During the last week of the training, the nurse/nurse counselors and laboratory technicians, who already had experience in blood collection and testing, were separated and trained on the specific procedures for drawing blood samples in the field and on syphilis testing using RPR. Additionally, they received training specifically focused on the internationally accepted procedures to minimise risk (“universal precautions”) and confidentiality. Finally, in addition to the classroom instruction, the ZDHS training included practice interviews using the questionnaire in English and the participants' local languages.
Data collection for the 2001-2002 ZDHS took place over a seven-month period from November 2001 to May 2002. Twelve interviewing teams carried out data collection. Each team consisted of one team supervisor, one field editor, three to four female interviewers, one male interviewer, one nurse/nurse counselor, one lab technician, and one driver. Six staff assigned from the CSO coordinated and supervised fieldwork activities. They were assisted by staff from the TDRC and the University of Zambia Demography Division. ORC Macro participated in field supervision for interviews, height and weight measurements, and blood collection and testing.
SYPHILISSYPHILIS AND HIV TESTING
In households selected for the male survey, the ZDHS involved the collection of blood specimens from all eligible women and men who voluntarily consented to the syphilis and HIV testing. The initial protocol for the blood specimen collection and testing as well as modifications made in the protocol during the course of the study were reviewed and approved by both the Institutional Review Board of ORC Macro and the Ethical Review Committee of the University of Zambia which approves research studies on human subjects conducted in Zambia.

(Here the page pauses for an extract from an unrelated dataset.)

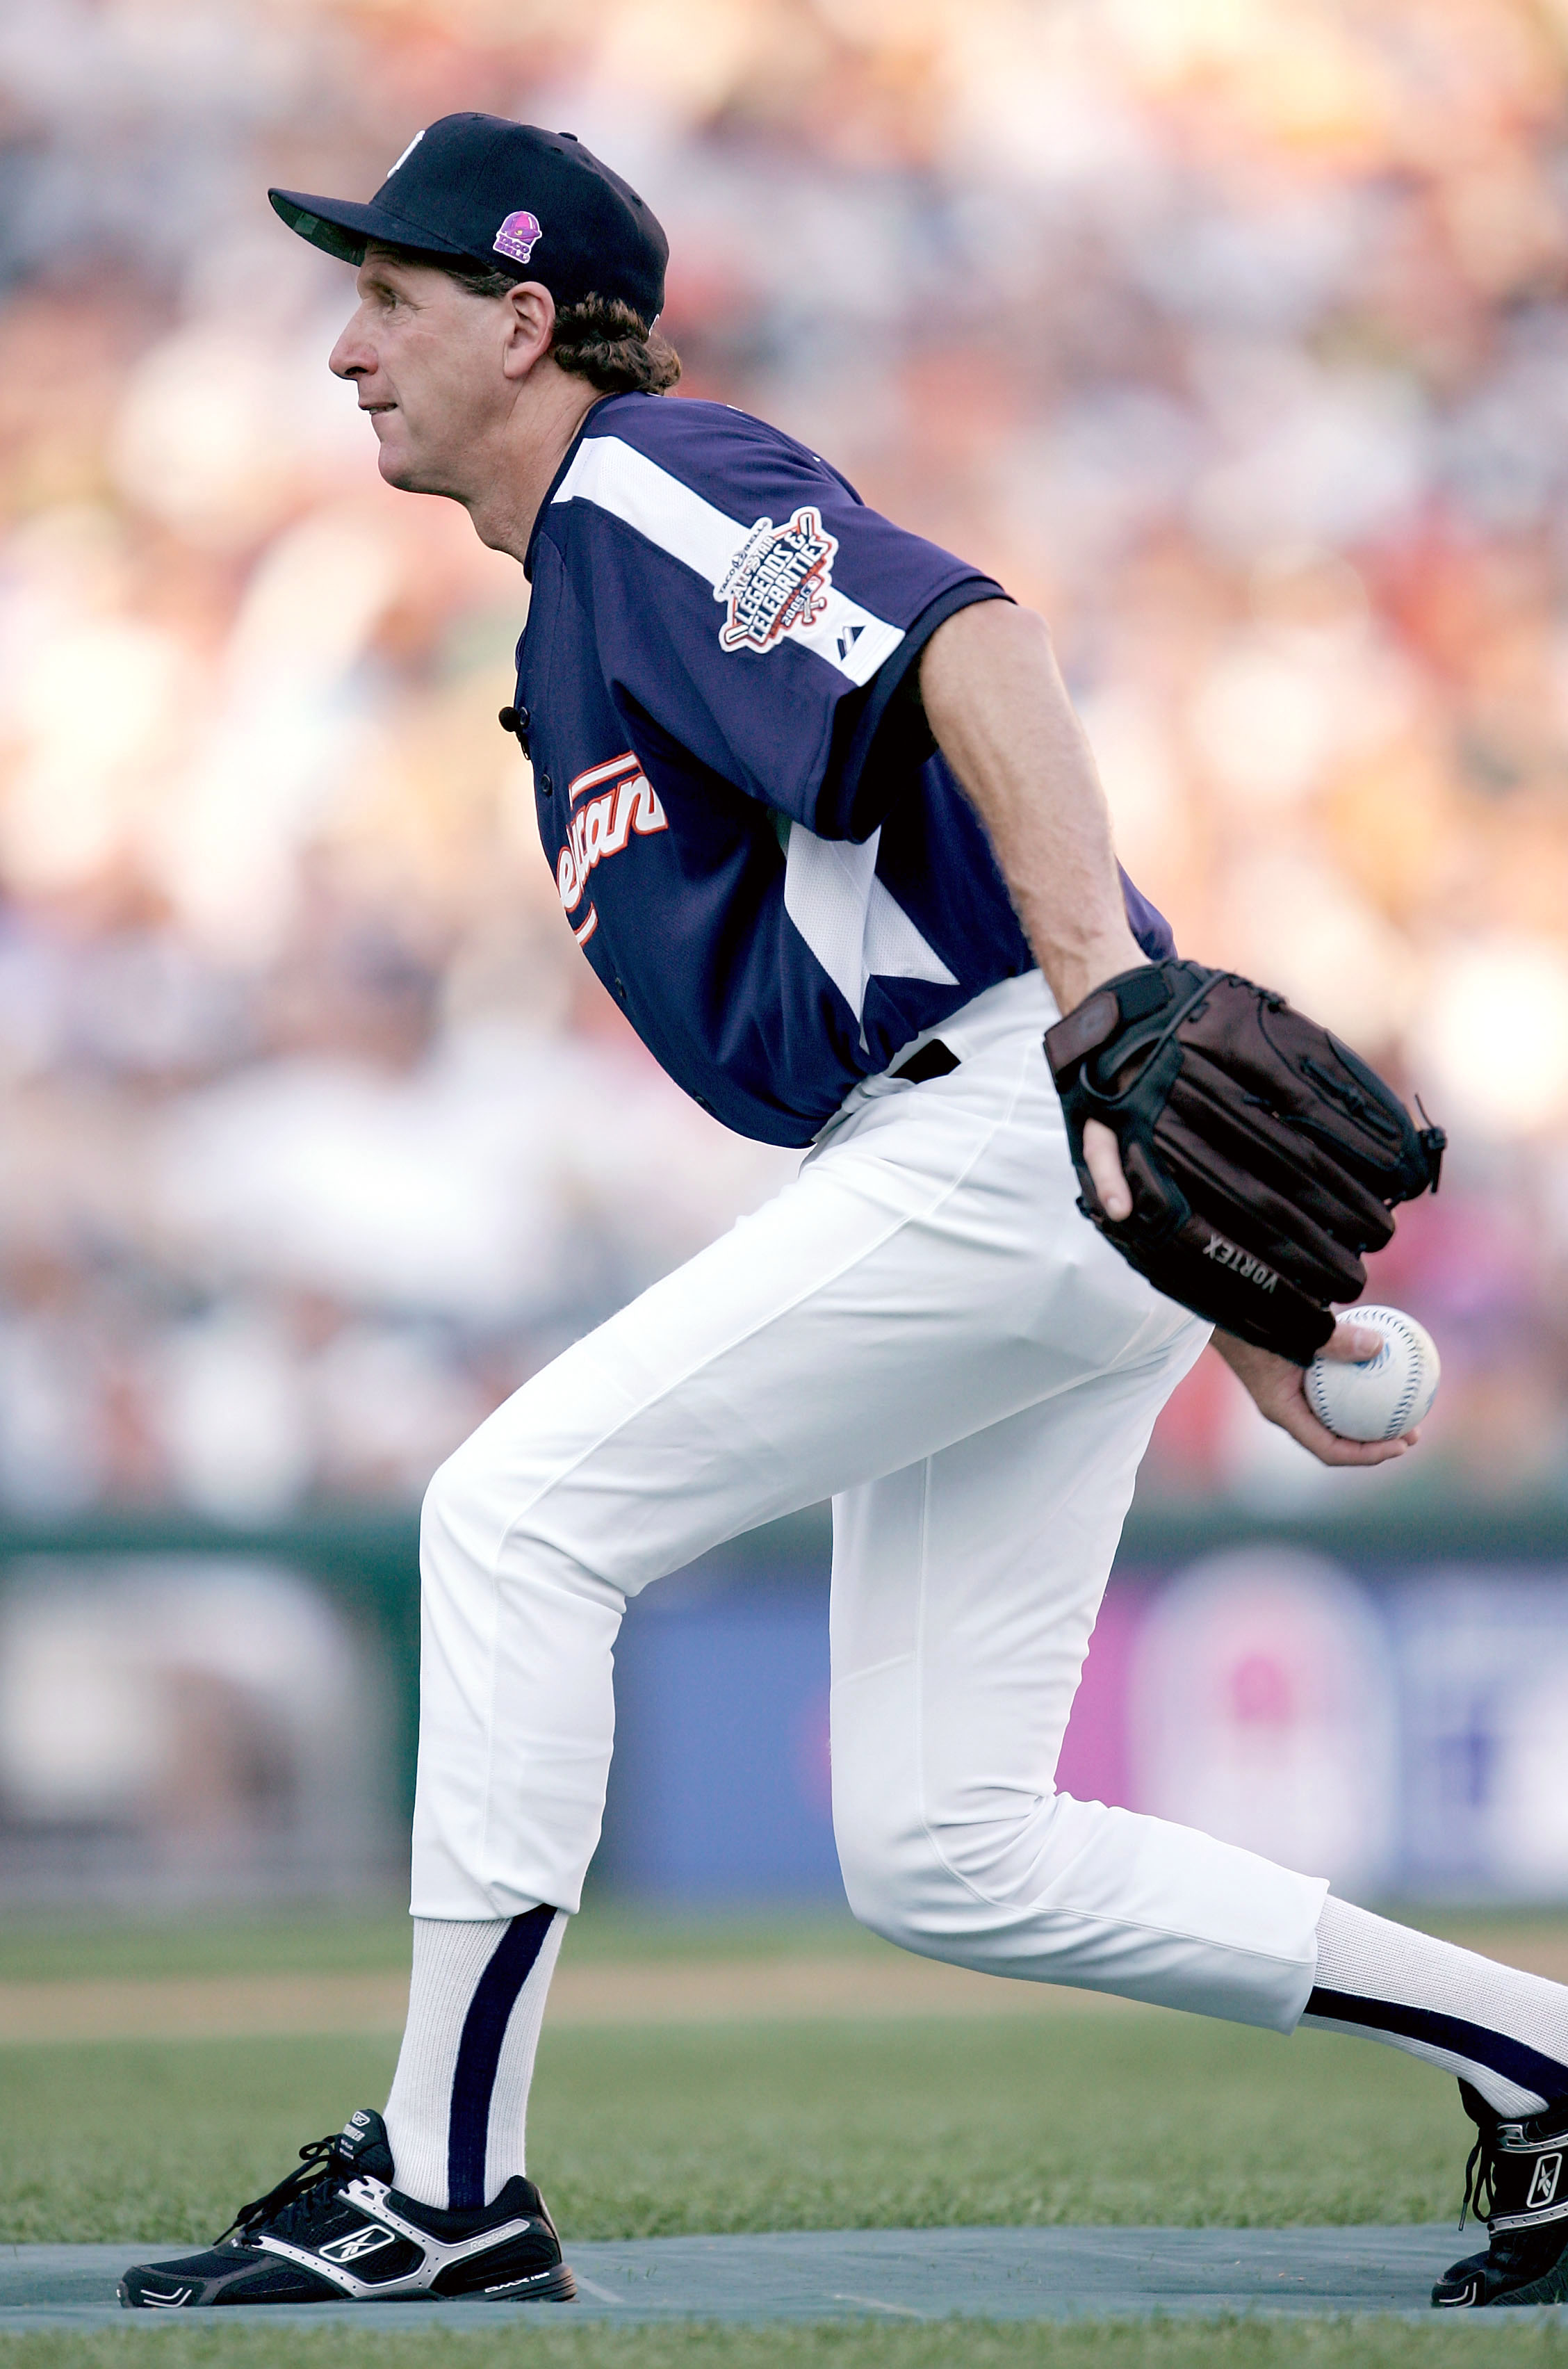 DETROIT - JULY 10:  Former MLB pitcher Mark Fidrych of the Legends Team smiles on the mound during the 2005 Major League Baseball Legends/Celebrity Game at Comerica Park on July 10, 2005 in Detroit, Michigan.  (Photo by Jonathan Daniel/Getty Images)

A total of 3,961 samples were collected in the ZDHS, of which 710 tested positive using the GACELISA. When these positive samples were retested using BIONOR, 570 tested positive and 140 tested negative. Western Blot was then performed for the 140 samples for which the results were discordant, i.e., the GACELISA result was positive and the BIONOR result was negative. Only one of the samples was confirmed as positive and 139 were confirmed as negative with Western Blot.